The King is Coming!
So many people around us could die in the next year—unexpectedly and rapidly, and most of them LOST. They would enter at death the place called by various terms in God's Word--the grave, hades, hell, the pit, and sheol.
That is a place that has been feared since the earliest times of life on this planet. It is a dark place of endless night, a dreary place of never hope. Most people think about this place more and more the older we get.
Today I would like to take you on a tour of the grave--the destination of the vast majority of people that you live with, work with, and see around you in daily life. “ You and I, everybody you meet, from the mailman to the guy next to you at work, has an eternal destiny. That destiny is either a joyful existence in the presence of God, or a Christ-less eternity in the place prepared for the devil and his angels. It is a real place.”
Now let me show you something that may change the whole way you look at death, dying, the grave and the afterlife.
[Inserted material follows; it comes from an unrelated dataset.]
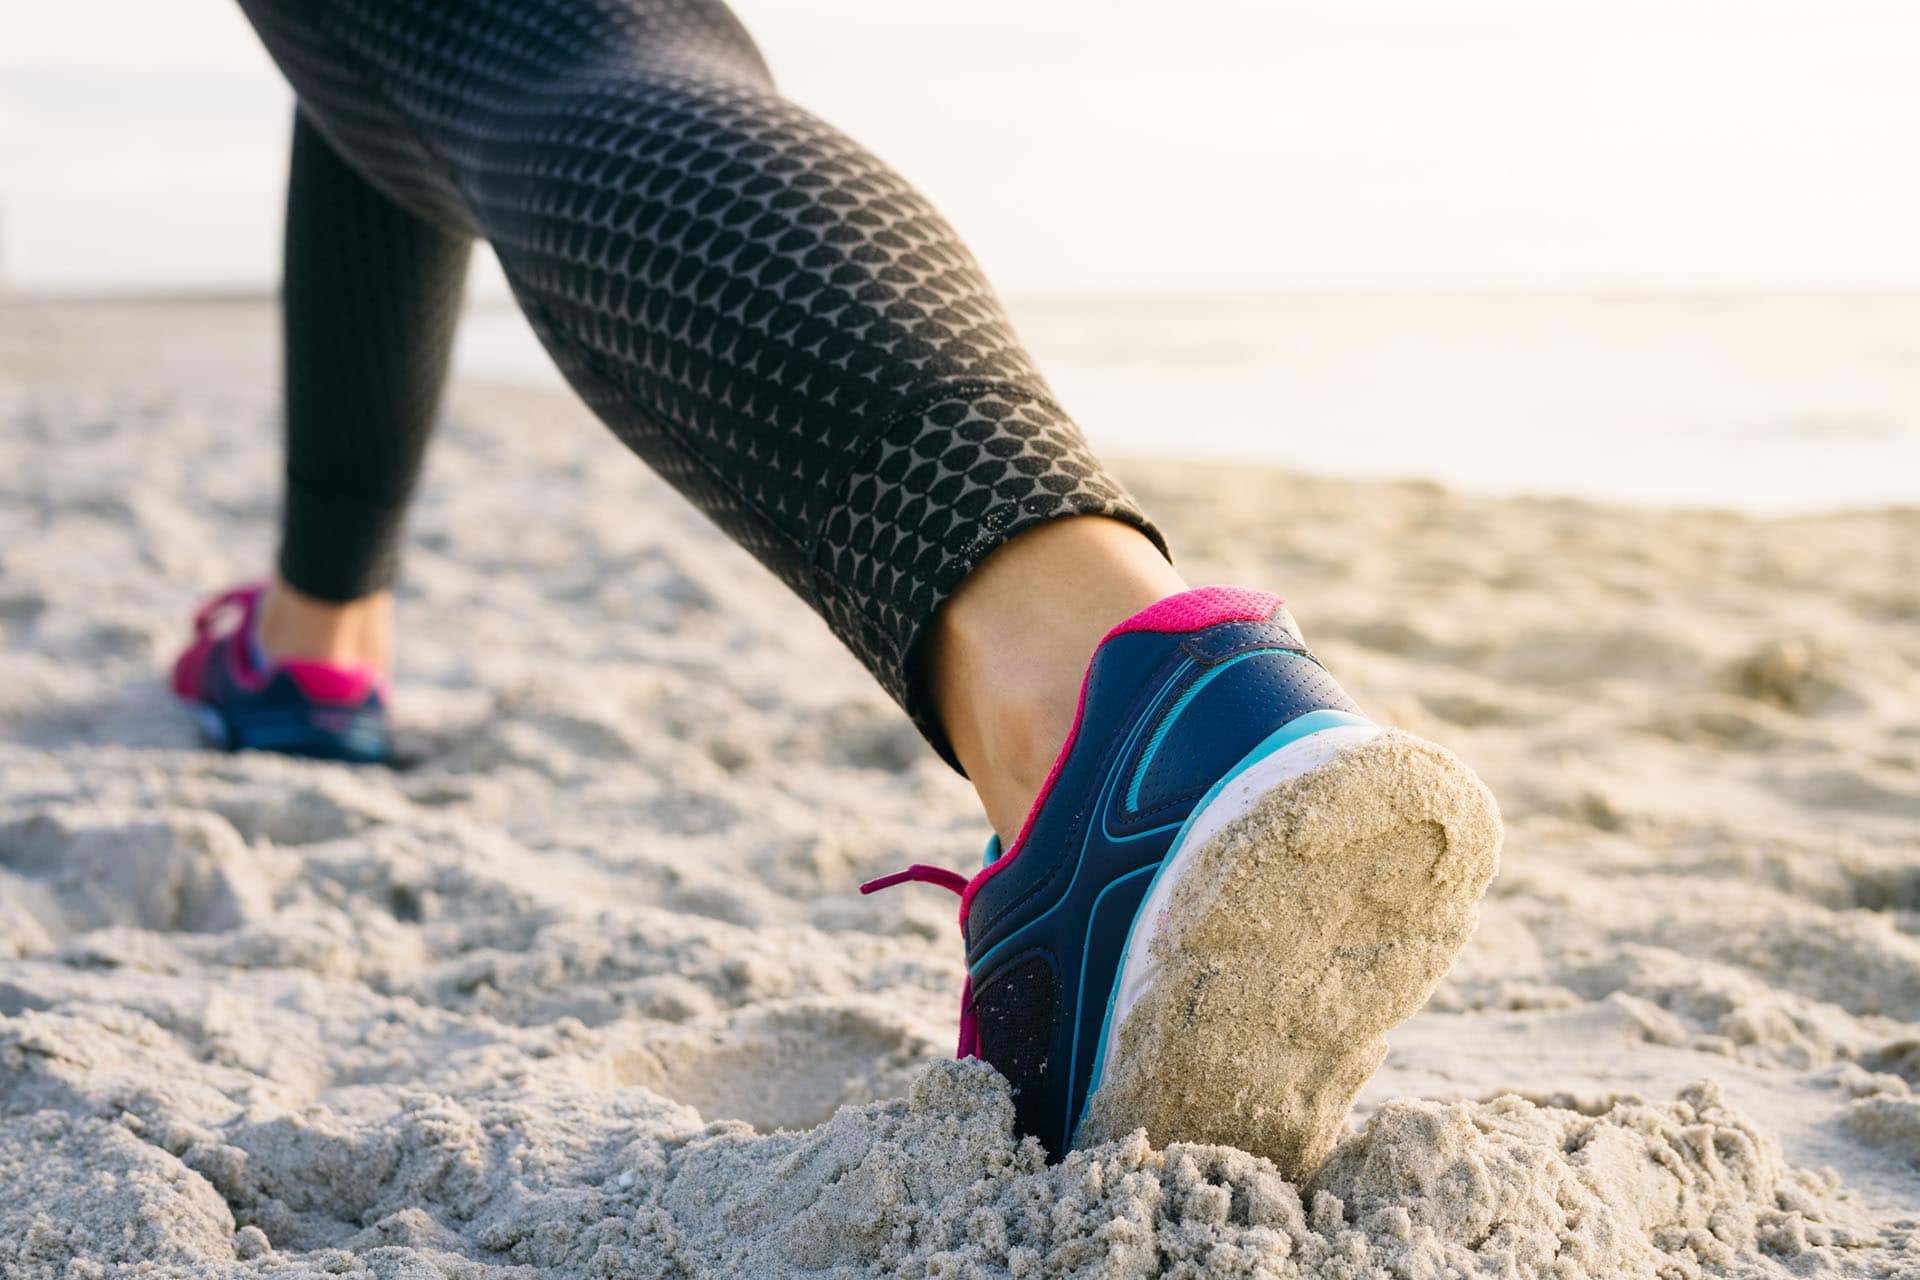 Løping i sanden kan være fin trening i ferien

The expert witness, the only one who has ever gone to the grave and returned to report on it is Jesus. And no one has more to say and has a greater reliability on this to do with the afterlife than Jesus. As Revelation 1 says—He alone has the keys to death and to the grave! Here is what He has revealed.
Jesus told a parable in Luke 12:16-20
Then He spoke a parable to them, saying: “The ground of a certain rich man yielded plentifully. 17 And he thought within himself, saying, ‘What shall I do, since I have no room to store my crops?’ 18 So he said, ‘I will do this: I will pull down my barns and build greater, and there I will store all my crops and my goods. 19 And I will say to my soul, “Soul, you have many goods laid up for many years; take your ease; eat, drink, and be merry.” ’ 20 But God said to him, ‘Fool! This night your soul will be required of you; then whose will those things be which you have provided?’
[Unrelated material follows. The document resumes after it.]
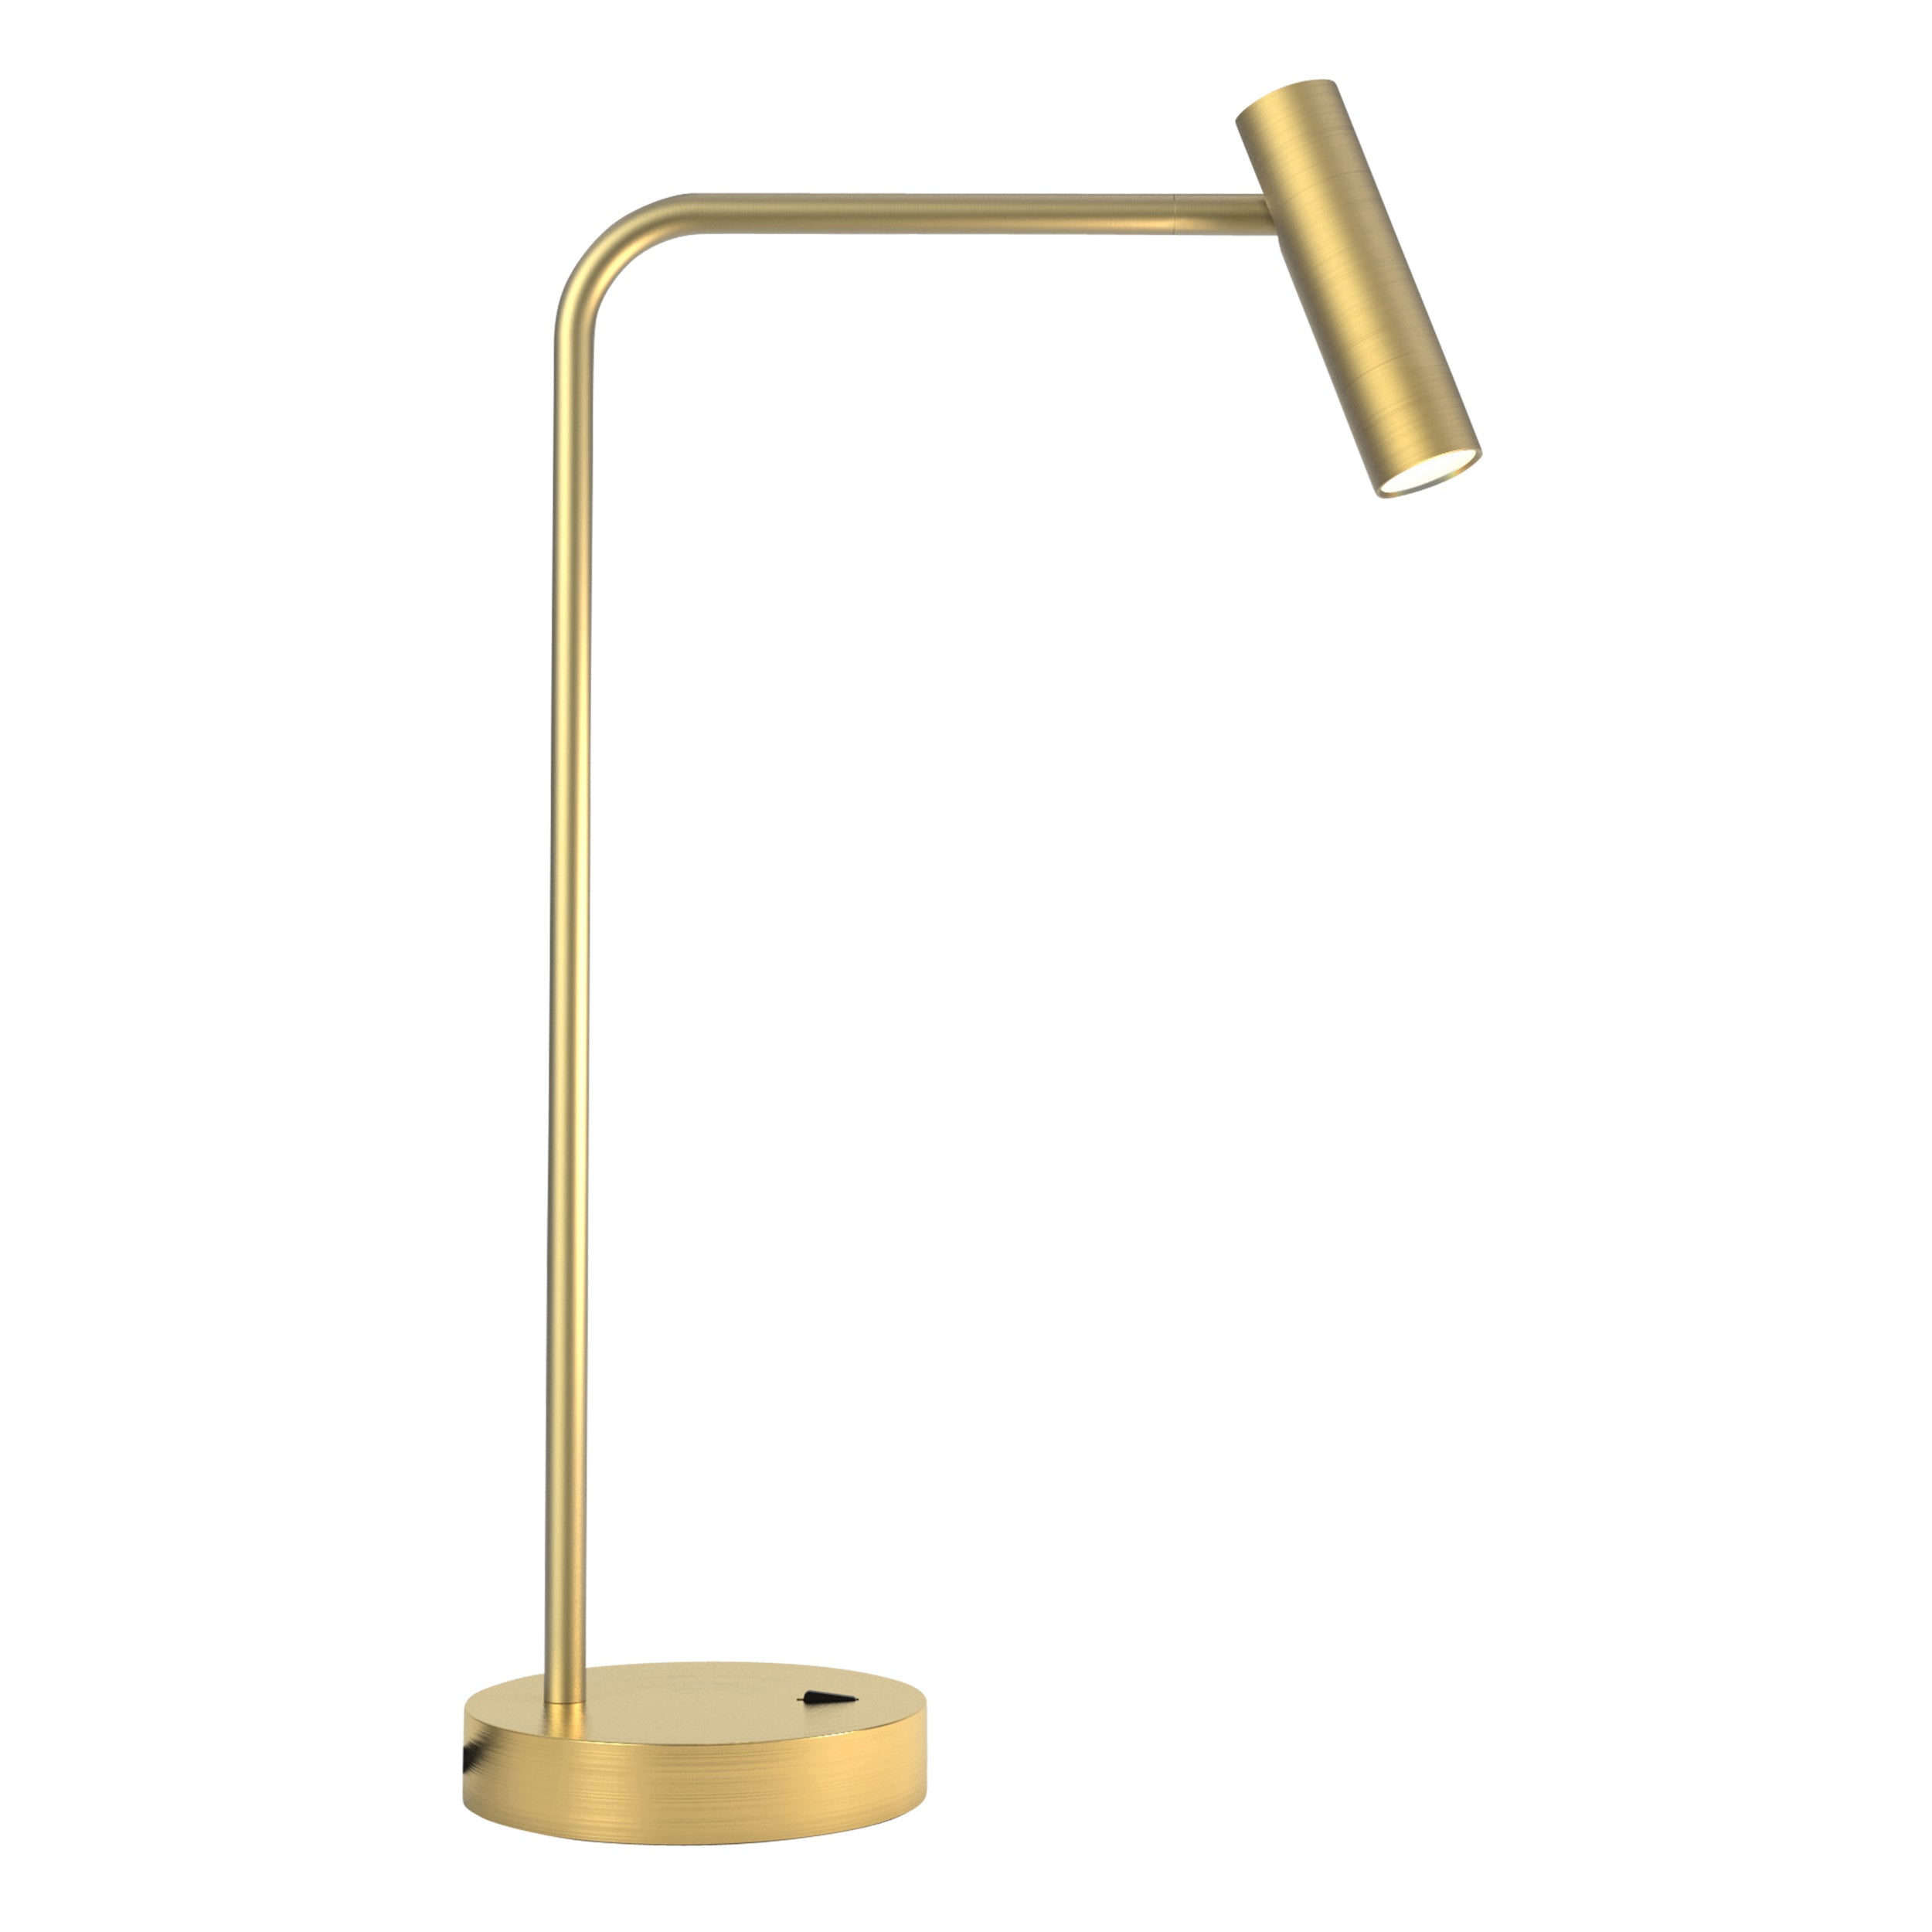 Bordlampe i guldfarvet aluminium med bøjet hals, rund fod og et aflangt, rundt, justerbart hoved.

Now turn a few chapters to Luke 16. Here Jesus tells of Lazarus and the rich man. Luke 16:19-20:
“There was a certain rich man who was clothed in purple and fine linen and fared sumptuously every day. 20 But there was a certain beggar named Lazarus, full of sores, who was laid at his gate ,
Hold on. Look what is missing. Jesus did NOT say, 'Learn the parable of the rich man'. No He speaks in a different way, He said 'there WAS a certain rich man.' Jesus was speaking of a literal event of which He, as God, had knowledge. Now continue reading:
Luke 16:22-24 So it was that the beggar died, and was carried by the angels to Abraham’s bosom. The rich man also died and was buried. 23 And being in torments in Hades, he lifted up his eyes and saw Abraham afar off, and Lazarus in his bosom. 24 “Then he cried and said, ‘Father Abraham, have mercy on me, and send Lazarus that he may dip the tip of his finger in water and cool my tongue; for I am tormented in this flame.’
Stop again. Jesus is explaining another truth to us here. Before the Cross when their Pardon was paid, the righteous dead, like Abraham, Moses, etc, did NOT go directly to heaven, as do Blood-bought Christians of the Church Age. Instead, they went to
Note also that the rich man can see Lazarus, that he speaks of literal torment and literal flame. Abraham explains the division of hell, and that Lazarus cannot come to him.
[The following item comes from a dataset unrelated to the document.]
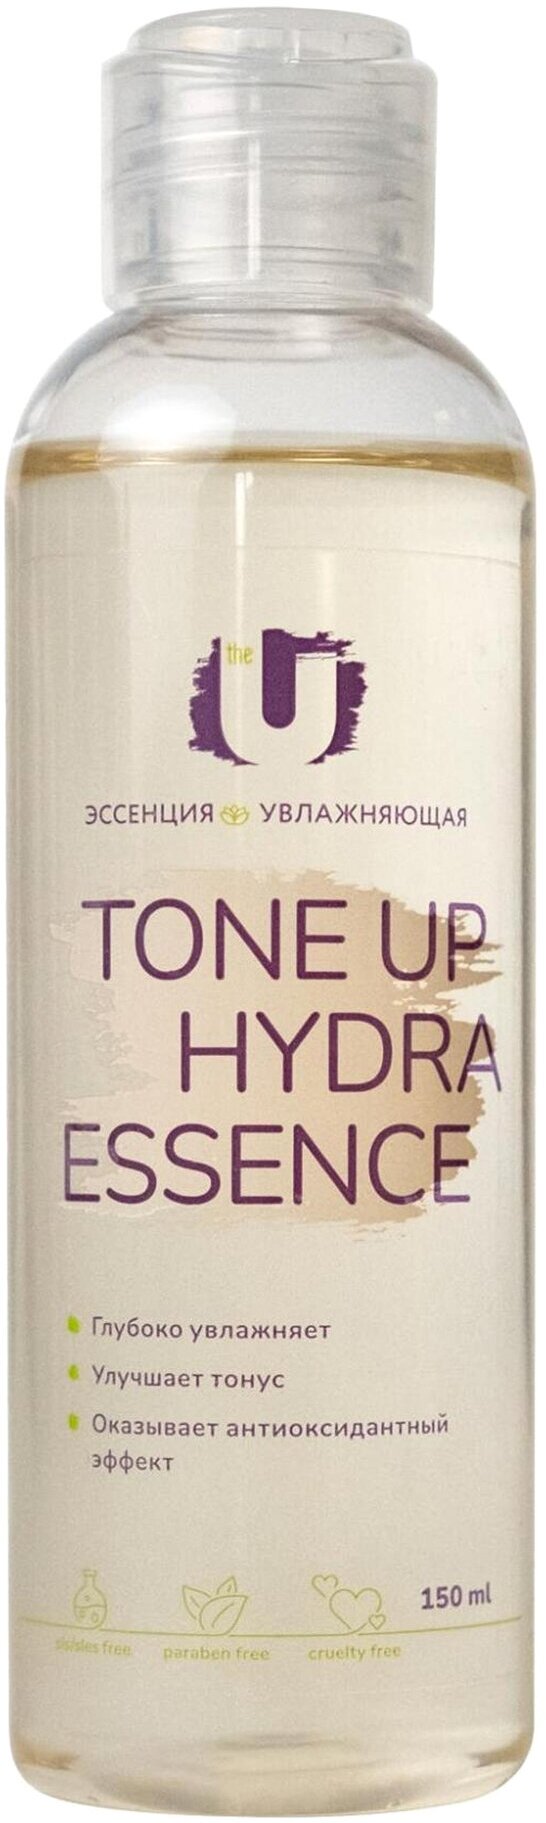 THE U Увлажняющая эссенция с гиалуроновой кислотой и экстрактом одуванчика Tone Up Hydra Essence, 145 мл

Now look at the account again as the rich man cries out.
Luke 16:27-28 “Then he said, ‘I beg you therefore, father, that you would send him to my father’s house, 28 for I have five brothers, that he may testify to them, lest they also come to this place of torment.’
Stop here again. Note that the rich man remembers his life on earth. As he will for eternity. He remembers his loved ones, and is conscious of their destiny. He begs Abraham to do something, but Abraham simply tells him that
Luke 16:29-31 Abraham said to him, ‘They have Moses and the prophets; let them hear them.’ 30 And he said, ‘No, father Abraham; but if one goes to them from the dead, they will repent.’ 31 But he said to him, ‘If they do not hear Moses and the prophets, neither will they be persuaded though one rise from the dead.’ ”
Now note something EXTREMELY revealing about the exchange. Abraham is Abraham. Lazarus the beggar, is Lazarus. But the rich man has no name. He has his memories, he has his awareness of his surroundings, he knows the hopelessness of the situation and the only thing he wants more than a drink of water is to save his five brothers. But HE HAS NO NAME! Why is that so important? Because he doesn't need one. Nobody will ever speak it again. There is no reprieve, no visitors, no hope and no need for a name. To all intents and purposes, he is dead, although eternally aware of it.
Eternal, conscious, perpetual, lonely torment, dead forever, yet alive, remembering that one time when you could have escaped the torment. That is what awaits the mailman, or the guy next to you, or your friends or relatives of whom we say, "I'll talk to him when the time is right" or when he says, "I'll think about it. Maybe tomorrow."
Then God says, "Thou fool, this night thy soul shall be required of thee."
These are the last days. The Rapture is coming, the Tribulation is almost upon us, the King is coming! But He isn't here yet. And there are plenty of people alive today who won't be here then, either.